Estando já na Índia, Carey, como já dito, se viu forçado a partir para o interior em face
da oposição da Companhia das Índias Orientais. Na ocasião, Dorothy, mais uma vez, revelou-se
uma mulher inadequada como esposa de missionário. Ela se mostrou cada vez mais abalada
psicologicamente. Ademais, instalada em meio a pântanos, a família viu-se em circunstâncias
deploráveis e Dorothy ficou muito doente, exigindo, juntamente com os filhos, a total atenção
do marido. A situação só melhorou quando ele conseguiu se transferir para Malda onde foi
trabalhar como capataz numa fábrica de anil. Ali, porém, Dorothy demonstrava que sua saúde
mental estava em notável declínio. Com a morte de um dos filhos, que então contava com
cinco anos, a esposa de Carey enlouqueceu totalmente.
A demência de Dorothy teve resultados trágicos para a família. Um deles se fez sentir na
educação dos filhos. Carey, além de viver constantemente ocupado com inúmeras tarefas, era
um homem muito dócil, incapaz de ser rígido com as crianças. A mãe, no estado em que se
encontrava, não tinha condições de suprir a ausência e falhas do pai na correção dos meninos
que cresceram como vadios indisciplinados. Foi a interferência firme da Sra. Marshman e a
posterior dedicação de Charlotte Rumohr, a segunda esposa de Carey, que impediram que os
filhos de Carey se perdessem totalmente. A grande luta de Carey com a doença de sua esposa
findou-se em 1807, quando Dorothy faleceu aos 51 anos de idade. Foi o fim de um triste
obstáculo para a obra missionária que jamais contou com o real apoio daquela mulher, mesmo
em seus dias de saúde física e psíquica.
O quarto fator que pode ser citado como obstáculo ao trabalho de William Carey foi sua
chocante dificuldade com traduções. Como visto acima, Carey não conseguia se fazer entender
quando escrevia uma sentença, de forma que sua obra sofria sérios e justos ataques de
qualquer pessoa que tivesse paciência para avaliá-la. Para piorar a situação, em 1812 ocorreu
um incêndio que destruiu anos de seu intenso e difícil trabalho de tradução. O modo como
Carey superou tudo isso foi através da perseverança. De fato, Carey era um homem que nunca
desistia. Nada fazia com que ele interrompesse sua obra. Se ao final de uma tradução ele
descobria que o texto era de difícil compreensão, ele retomava pacientemente o trabalho e
fazia tudo outra vez, até que o resultado fosse satisfatório para os leitores. Mesmo quando
suas traduções foram queimadas em 1812, esse incansável missionário aceitou o fato como
manifestação da vontade de Deus e iniciou tudo outra vez com zelo ainda mais intenso.
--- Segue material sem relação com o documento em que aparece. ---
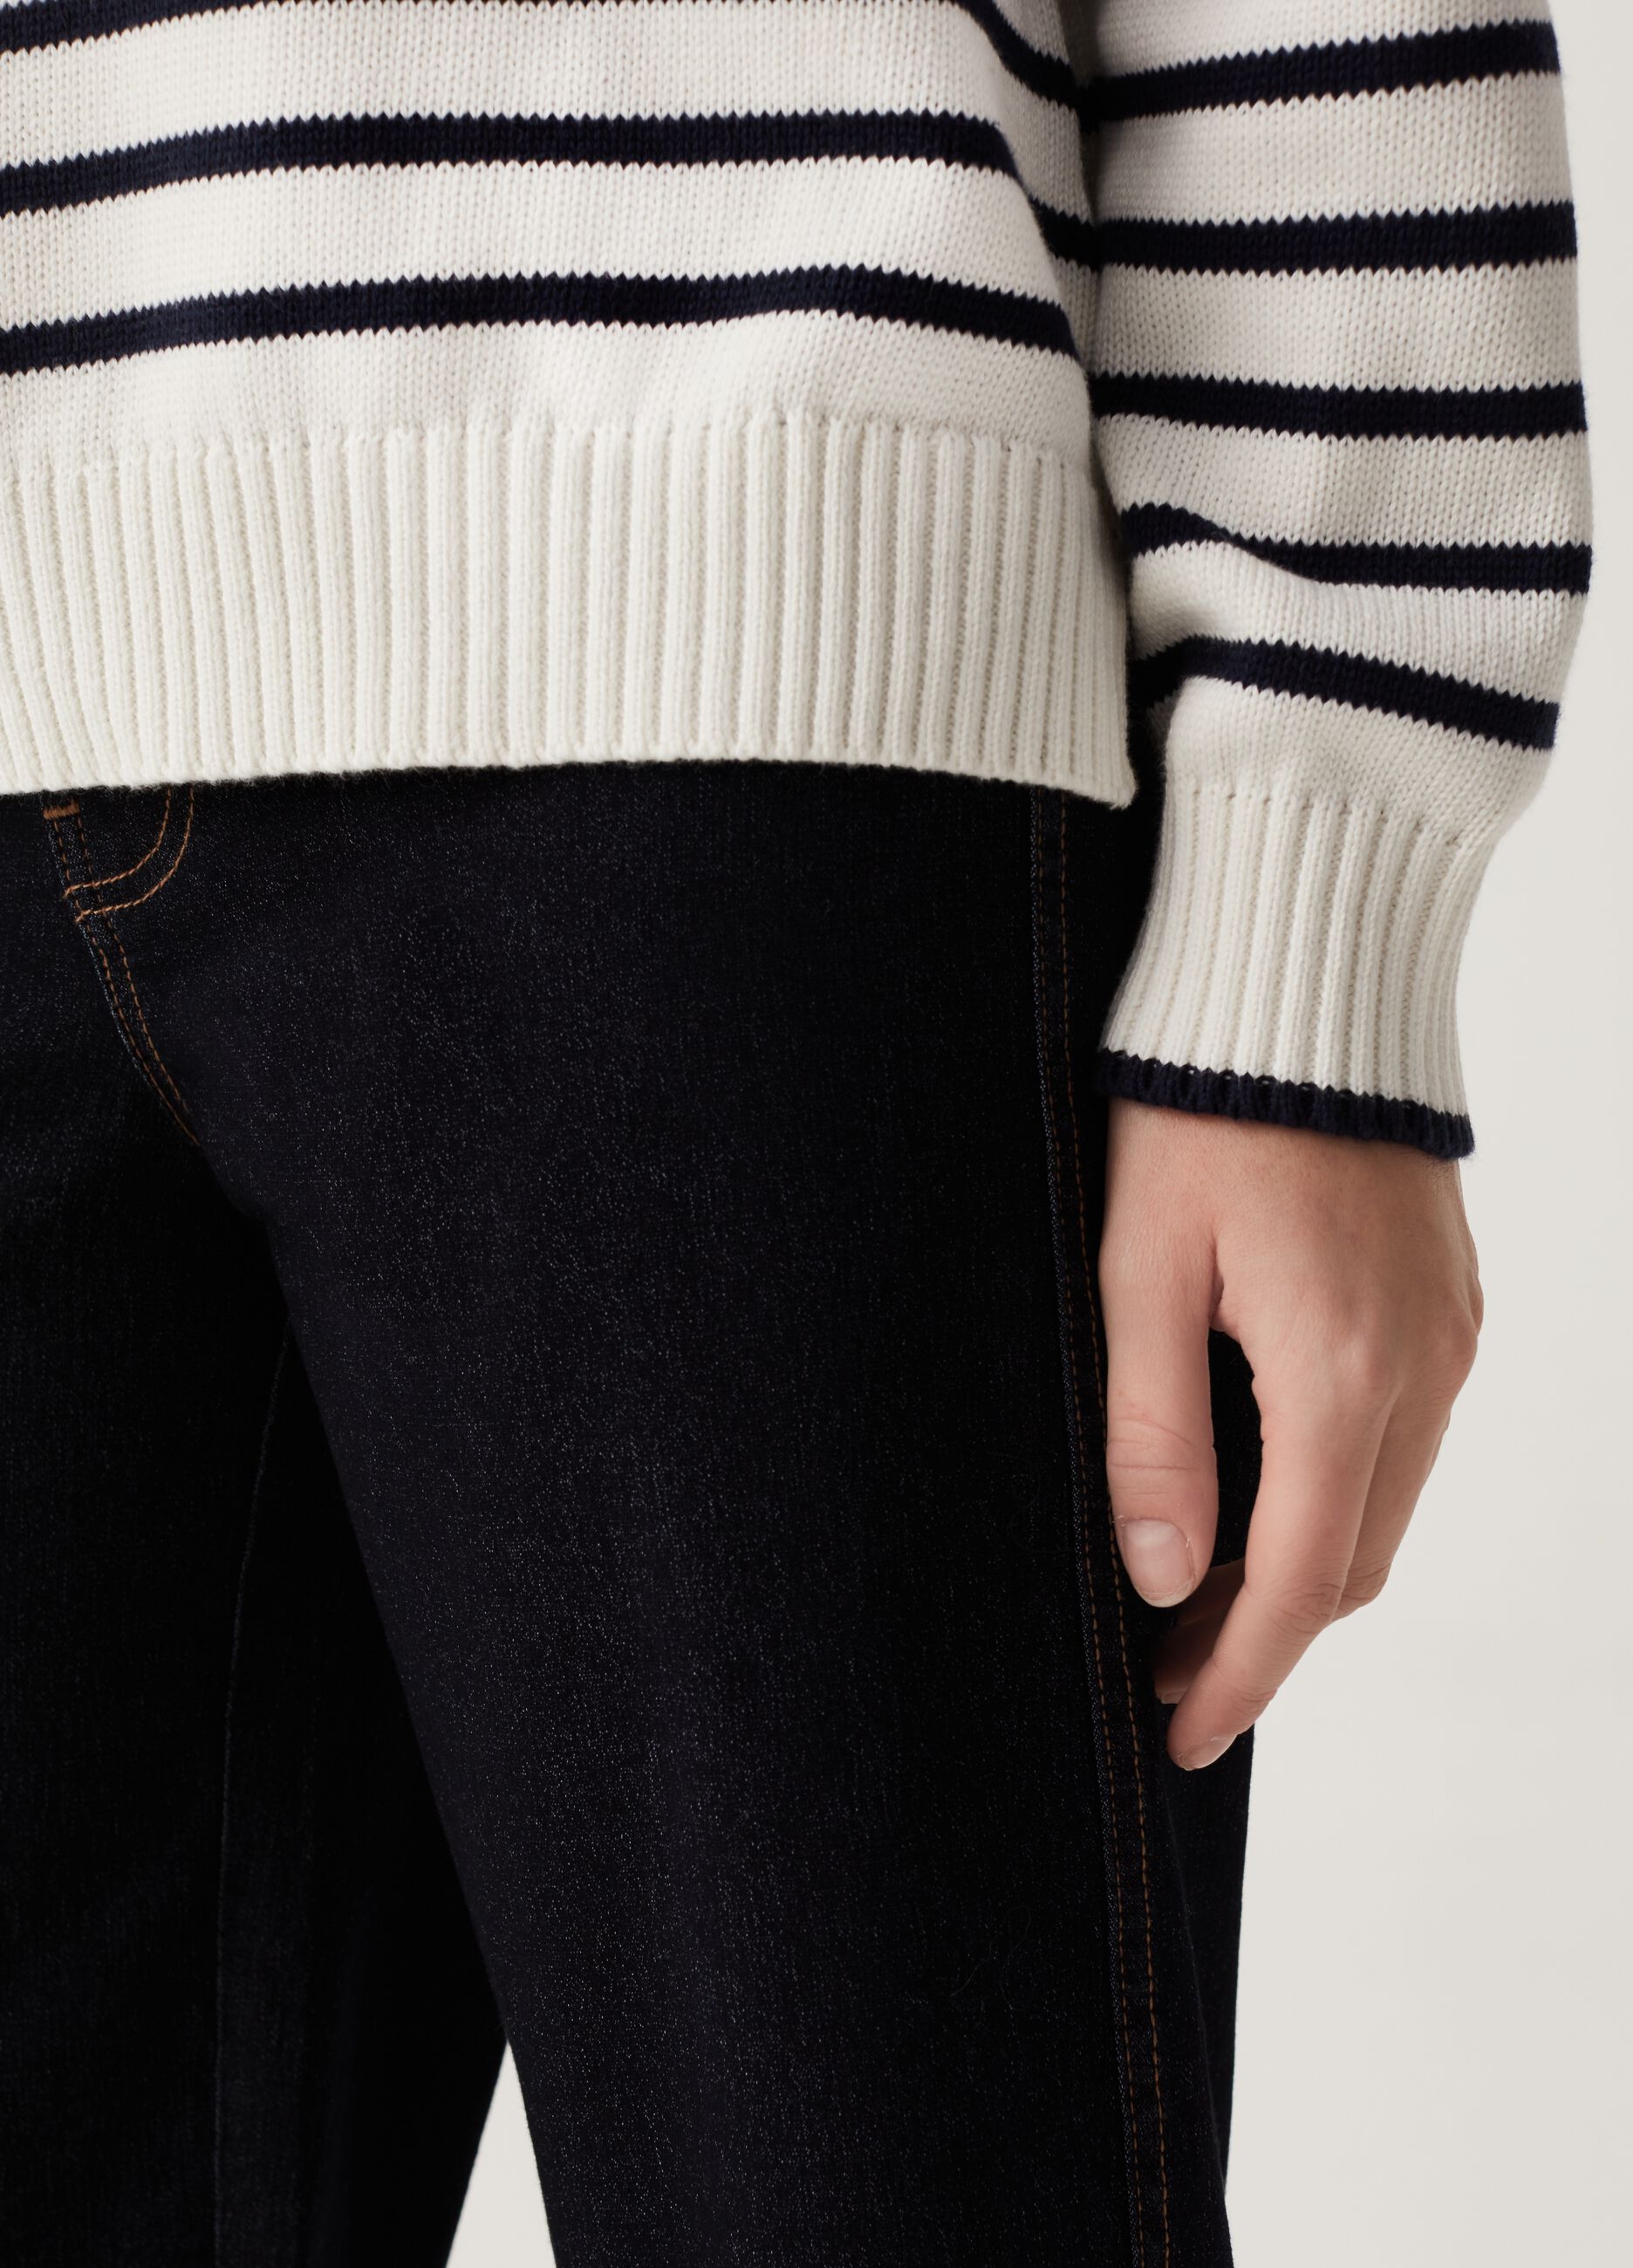 Pullover with striped mock neck

O último obstáculo que Carey enfrentou em seu trabalho missionário foi decorrente
da chegada de novos missionários enviados da Inglaterra a Serampore pela Sociedade
Missionária Batista. De fato, com a chegada desses missionários a paz da missão de Serampore
chegou ao fim. Os novos obreiros se recusaram a se submeter à liderança dos veteranos e
também não aceitaram adotar o estilo de vida e filosofia de trabalho do “Trio de Serampore”.
Assim, o resultado inevitável foi a divisão. Então, os missionários mais novos se afastaram e
formaram a União Missionária de Calcutá.
A Sociedade Missionária Batista, a que Carey estava ligado desde que fora fundada por
sua própria influência, tinha por esse tempo líderes que sequer o conheciam pessoalmente.
Esses líderes deram apoio aos missionários jovens que eles próprios haviam nomeado. Por
tudo isso, em 1826, a Missão de Serampore cortou relações com a Sociedade Missionária
Batista. Como resultado desse rompimento, terríveis problemas financeiros começaram. Não
havia como a missão de Carey se sustentar e também suprir as necessidades dos diversos
postos missionários ligados a ela sem o apoio da Inglaterra. Carey, como em outras ocasiões,
também soube lidar com esse obstáculo ao trabalho do Senhor. A solução foi simples: auto-
humilhação. Carey e Marshman, vendo que não havia meios de continuar sem o sustento da
Sociedade, se submeteram novamente e ela. Assim, foi dada continuidade ao trabalho até que
a morte, o último oponente, se levantou. Contra esse obstáculo o corajoso missionário não
teve como lutar. William Carey morreu em 1834.